In Asia, countries like India and Vietnam can benefit from tariff-compliant partnerships that prioritize sustainable development over short-term cost savings. By working within the framework of trade agreements, companies can foster stronger ties with local suppliers, improve quality control and enhance their reputation as responsible global players.

This approach not only reduces the risk of supply chain disruptions but also positions companies as leaders in ethical and sustainable business practices.
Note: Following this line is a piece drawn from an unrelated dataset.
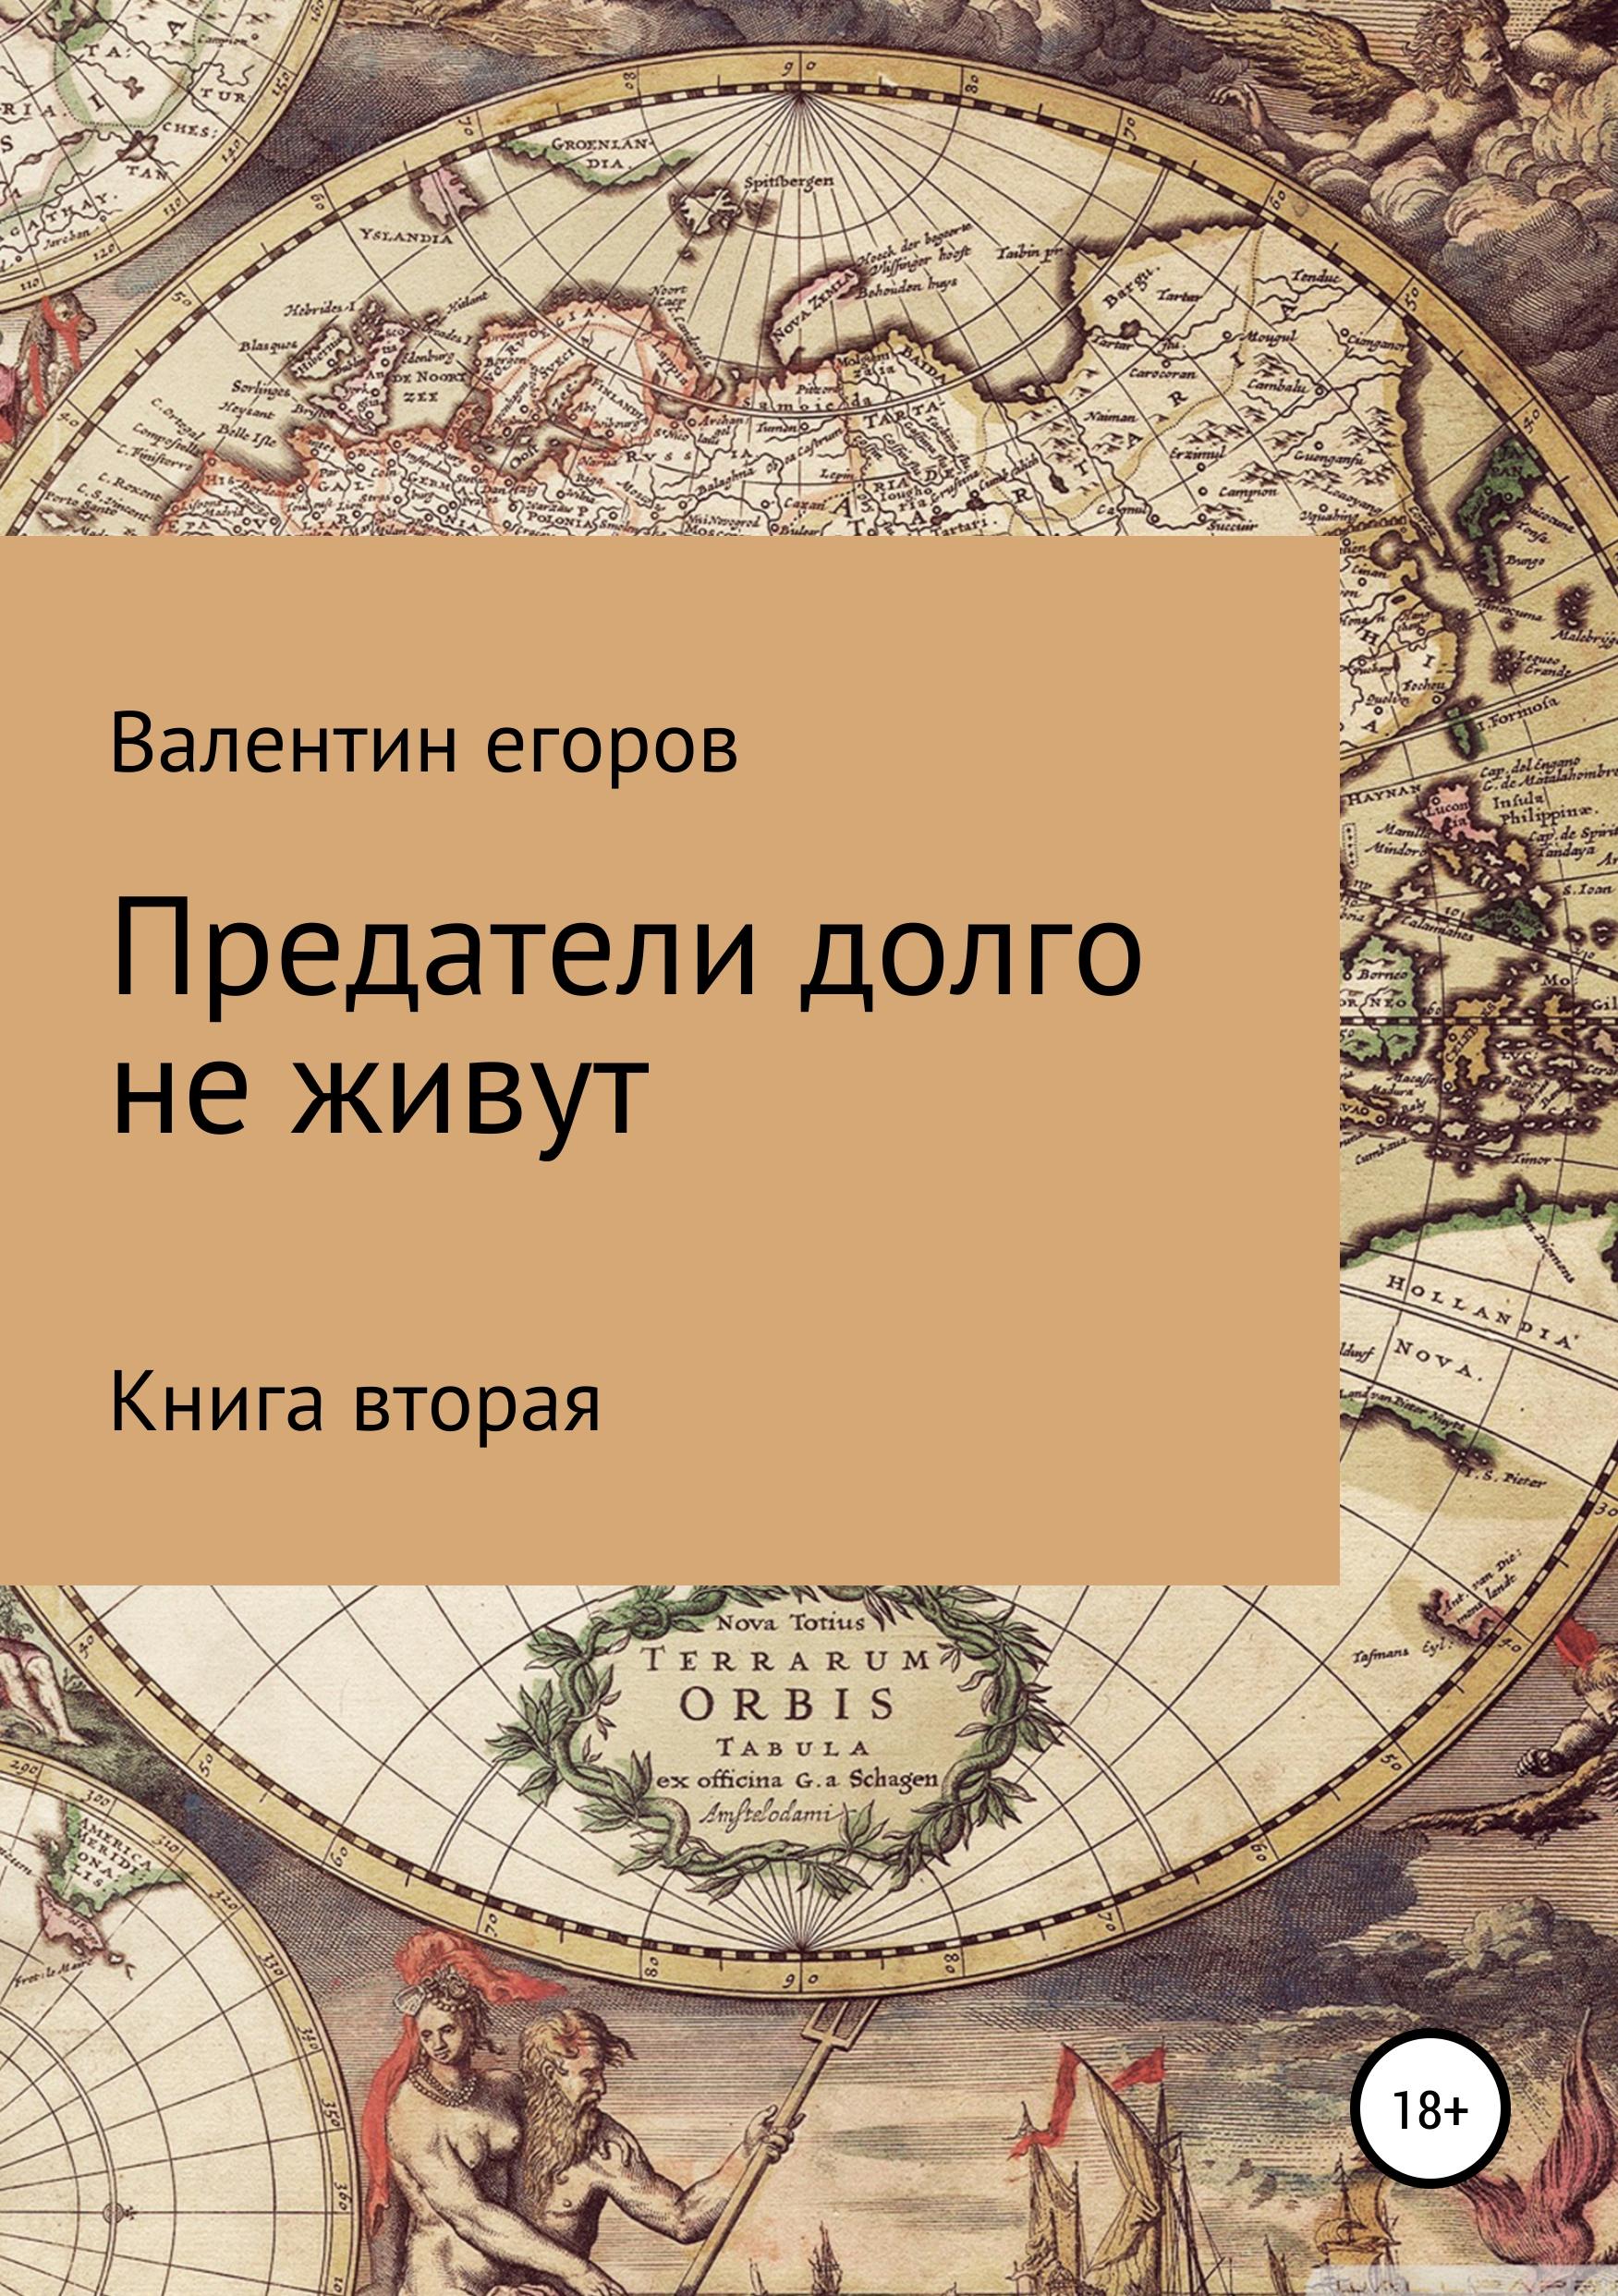 Егоров Александрович - Предатели долго не живут. Книга вторая

Nearshoring driven by tariff avoidance may seem like a clever workaround, but it often leads to unintended consequences that harm both regional and global economies. Complying with tariffs, on the other hand, offers a pathway to long-term stability and growth.

It encourages companies to invest in local economies, build resilient supply chains, and foster innovation that benefits everyone involved. By embracing trade regulations as an opportunity rather than a hurdle, companies can contribute to a more balanced and equitable global economy.

This approach prioritizes cooperation over competition, sustainability over expediency and long-term resilience over short-term gains. In the end, compliance with tariffs isn't just about following the rules, it's about creating a system that works for everyone, ensuring that global trade remains a force for shared prosperity rather than division.